Figure 2. Lido reduced cisplatin resistance in MGC-803/DDP cells. MGC-803/DDP cells were treated by 0, 25, 50, 100, 200 µM of Lido for 24 h. (a) Cell viability was tested by CCK-8 assay. MGC-803/DDP cells was treated by cisplatin (0, 10, 20, 30, 40, 50 µg/mL) alone for 48 h or in combination with Lido (100 µM). (b) Cell viability was tested by CCK-8 assay. ** denotes p < 0.01 and *** denotes p < 0.001 vs. MGC-803/DDP + cisplatin group. MGC-803/DDP cells were treated by cisplatin (30 µg/mL) and Lido (100 µM) or only cisplatin (30 µg/mL). (c) Cell apoptotic rate was measured by apoptosis assay, (d-e) Bax, cleaved-caspase-3, and cleaved-PARP protein levels in were tested by western blot. ** denotes p < 0.01 and *** denotes p < 0.001 vs. control (Ctrl) group. ## denotes p < 0.01 and ### denotes p < 0.001 vs. cisplatin group.

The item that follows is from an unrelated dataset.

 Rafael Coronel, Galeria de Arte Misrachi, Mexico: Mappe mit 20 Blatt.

Figure 3. Lido suppressed the migration and invasion of MGC-803/DDP cells. MGC-803/DDP cells were treated by 100 µM of Lido for 24 h. (a) The rate of cell migration was determined by migration assay, (b) the rate of cell invasion was determined by invasion assay, (c-d) MMP-2, MMP-9 and TIMP-1 protein levels were measured by western blot. ** denotes p < 0.01 and *** denotes p < 0.001 vs. control (Ctrl) group.
Figure 4. Lido inhibited miR-10b level in MGC-803/DDP cells. (a) The expression levels of miR-10b in MGC-803 and MGC-803/DDP cells were determined by qRT-PCR. *** denotes p < 0.001 vs. the MGC-803. (b) MGC-803/DDP cells were treated 100 µM of Lido for 24 h, and then miR-10b expression levels were determined by qRT-PCR. *** denotes p < 0.001 vs. control (Ctrl) group.

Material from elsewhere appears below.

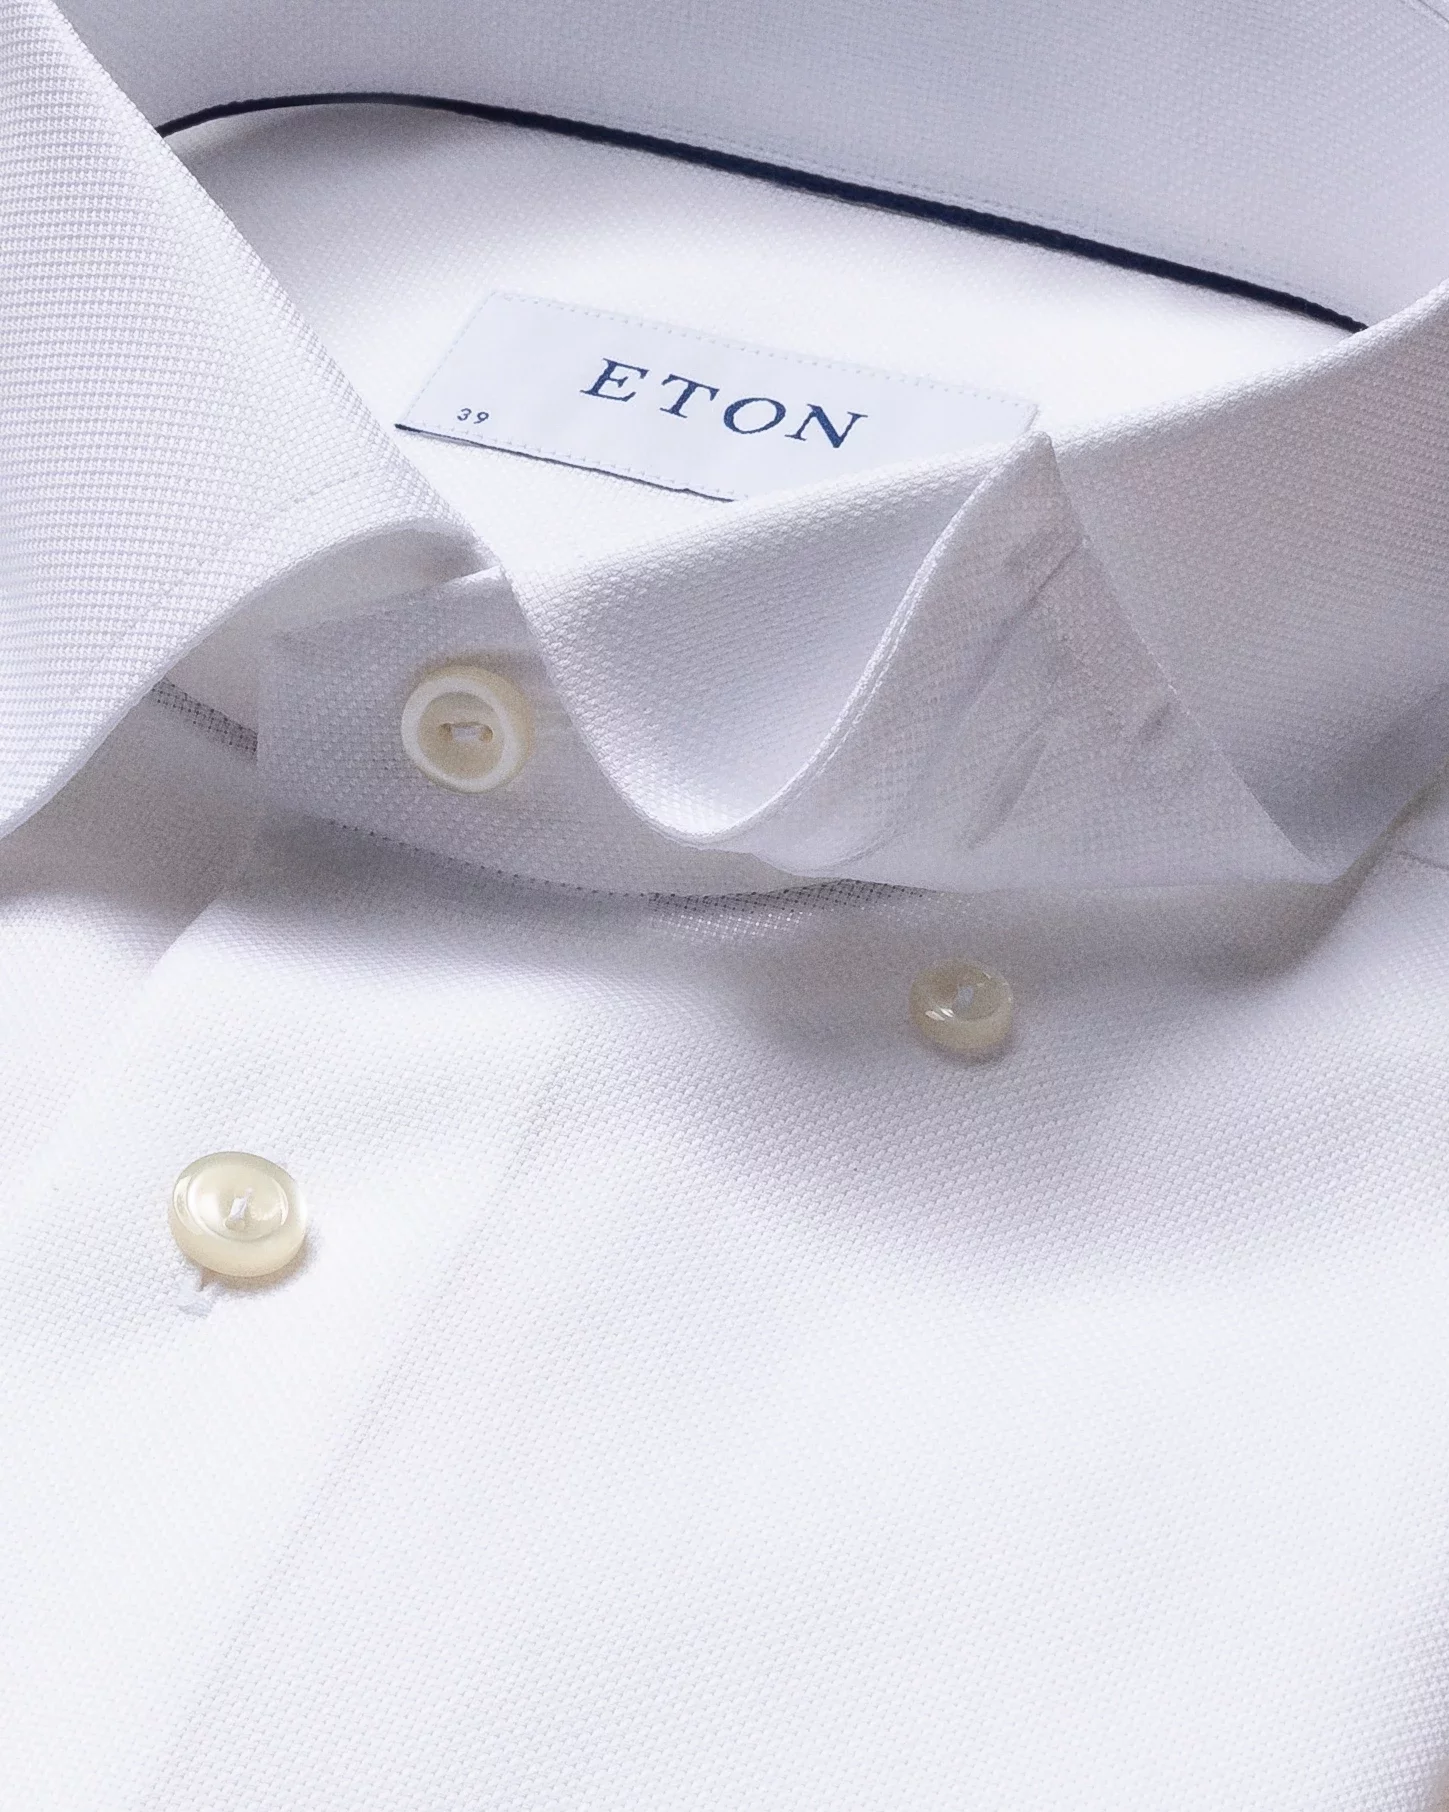 Eton - white royal oxford shirt

Figure 5. Lido reduced cisplatin resistance in MGC-803/DDP cells through down-regulating miR-10b expression. NC mimic and miR-10b mimic were transfected in MGC-803/DDP cells for 48 h. (a) MiR-10b expression levels were determined by qRT-PCR. ### denotes p < 0.001 vs. NC mimic group. After transfection with NC mimic or miR-10b mimic, MGC-803/DDP cells were treated by cisplatin (30 µg/mL) in combination with Lido (100 µM). (b) Cell viability was determined by CCK-8 assay, (c) cell apoptotic rate was determined by apoptosis assay, (d-e) Bax, cleaved-caspase-3, and cleaved-PARP protein expression levels were determined by western blot. *** indicates p < 0.001 vs. control (Ctrl) group. ### denotes p < 0.001 vs. cisplatin group. ^ denotes p < 0.05 and ^^^ denotes p < 0.001 vs. cisplatin + Lido + NC mimic group.

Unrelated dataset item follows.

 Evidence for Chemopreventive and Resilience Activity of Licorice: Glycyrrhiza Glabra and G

Figure 6. Lido repressed AKT/mTOR and β-catenin pathways via down-regulating miR-10b level. After transfection with NC mimic or miR-10b mimic, MGC-803/DDP cells were treated by cisplatin (30 µg/mL) in combination with Lido (100 µM). (a-b) The phosphorylation levels of AKT and mTOR were determined by western blot, (c-d) the β-catenin levels were also determined by western blot. * denotes p < 0.05 and *** denotes p < 0.001 vs. control (Ctrl) group. # denotes p < 0.05 and ### denotes p < 0.001 vs. cisplatin group. ^ denotes p < 0.05 and ^^^ denotes p < 0.001 vs. cisplatin + Lido + NC mimic group.
Data availability statement
The datasets used and/or analyzed during the current study are available from the corresponding author on reasonable request.